AIP Podcast

AIP Podcast EP 77 - Reverse RAG and Deterministic AI Infrastructure by Formic AI

AI Partnerships Corp. Episode 77

Use Left/Right to seek, Home/End to jump to start or end. Hold shift to jump forward or backward.

0:00 | 17:39

This episode’s guest, Daniel Escott, CEO of Formic AI, joins host Anne to tackle one of the most urgent challenges in artificial intelligence: hallucinations and the trust gap in enterprise AI. Daniel shares his unexpected journey from federal court law clerk to CEO of an AI Company, where drafting AI guidelines for Canada’s Federal Court sparked a deeper mission to solve the reliability crisis facing generative AI across law, finance, government, and other high-stakes industries.
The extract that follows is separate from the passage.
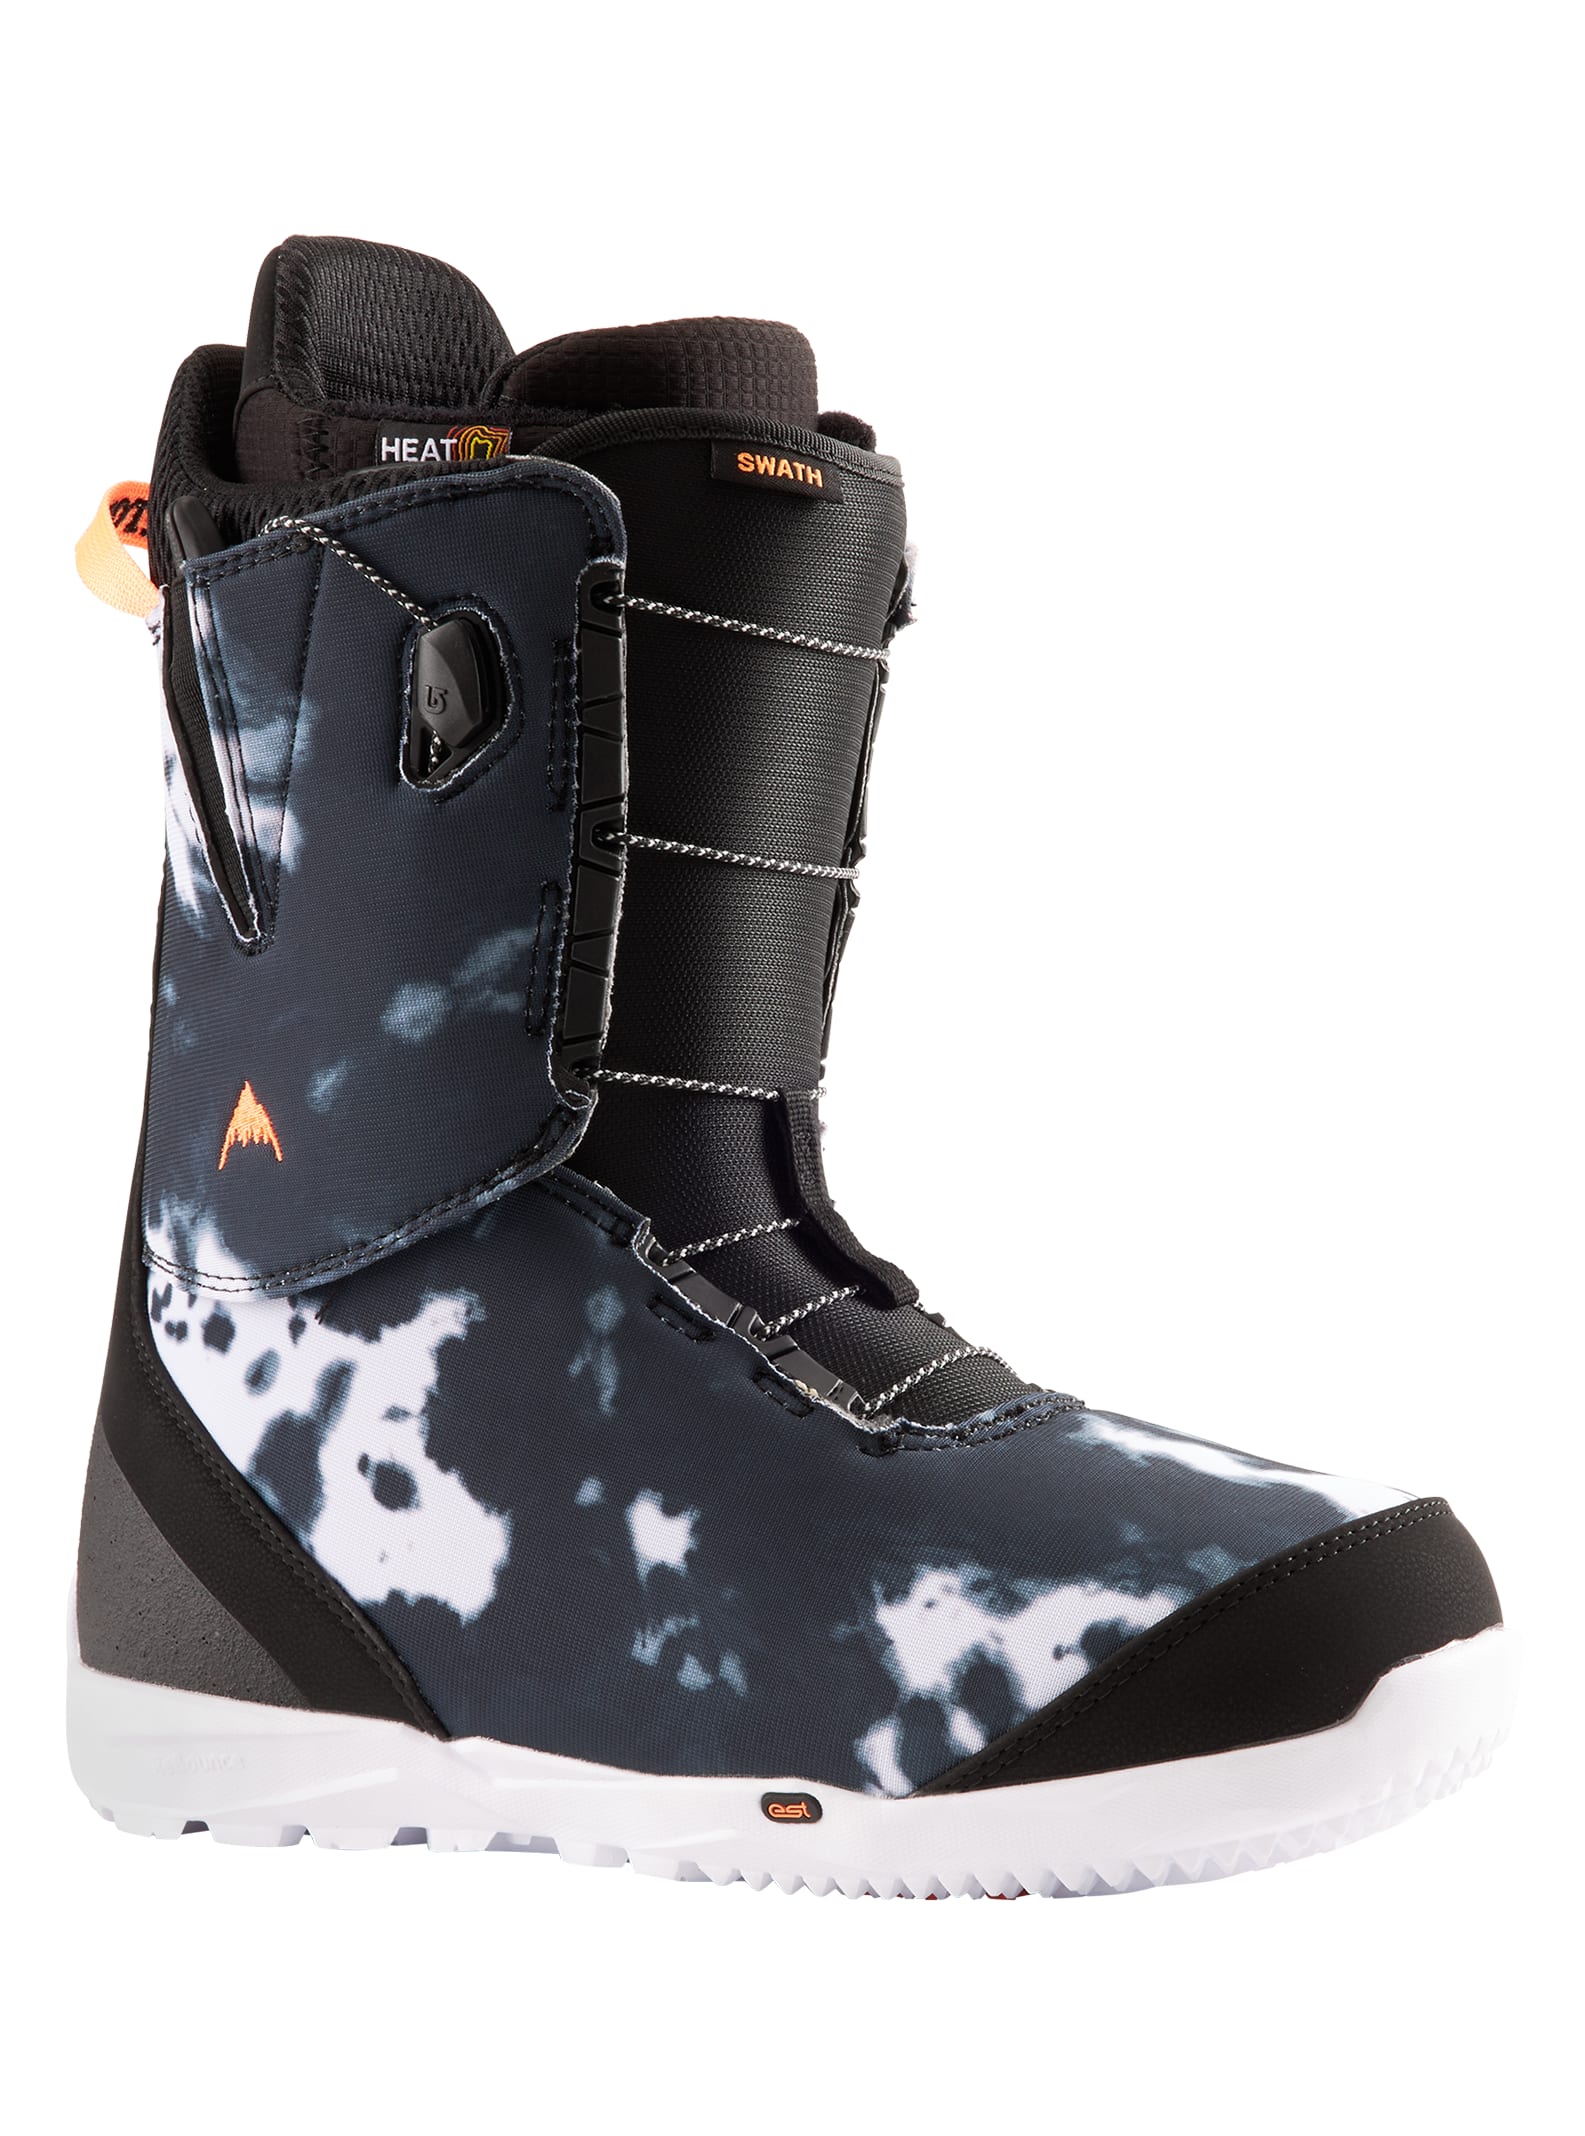 Burton Womens Mint Boa Snowboard Boots 10 Midnite Blue/Multi 
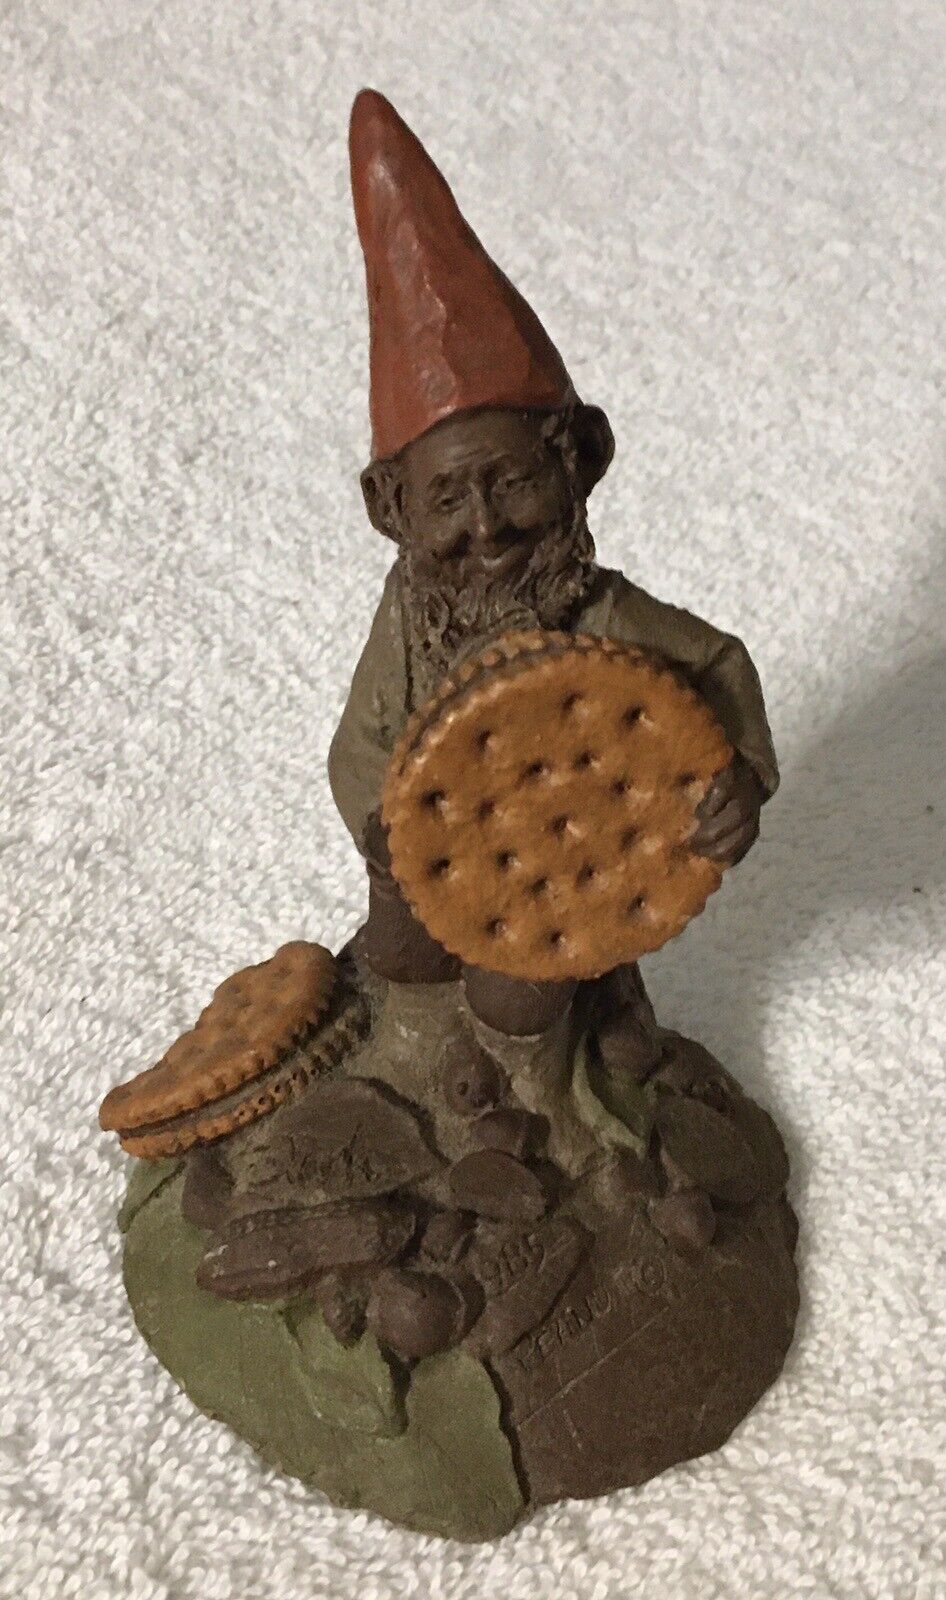 1985 Tom Clark gnome “PEANUT” carrying peanut cracker EUC

Daniel explains how Formic AI’s groundbreaking deterministic and observable architecture flips traditional retrieval-augmented generation (RAG) on its head. By identifying and validating source material before passing information to a language model, Formic’s reverse RAG framework eliminates fabricated citations, increases explainability, and delivers verifiable, trustworthy outputs that professionals can rely on.

The conversation also explores Formic’s innovative Explainable Language Model (XLM) architecture — a neurosymbolic, graph-based system that dramatically reduces GPU dependence and cuts energy consumption by orders of magnitude. Daniel makes the case that the future of AI must not only be safe and reliable, but also clean, ethical, and energy-efficient.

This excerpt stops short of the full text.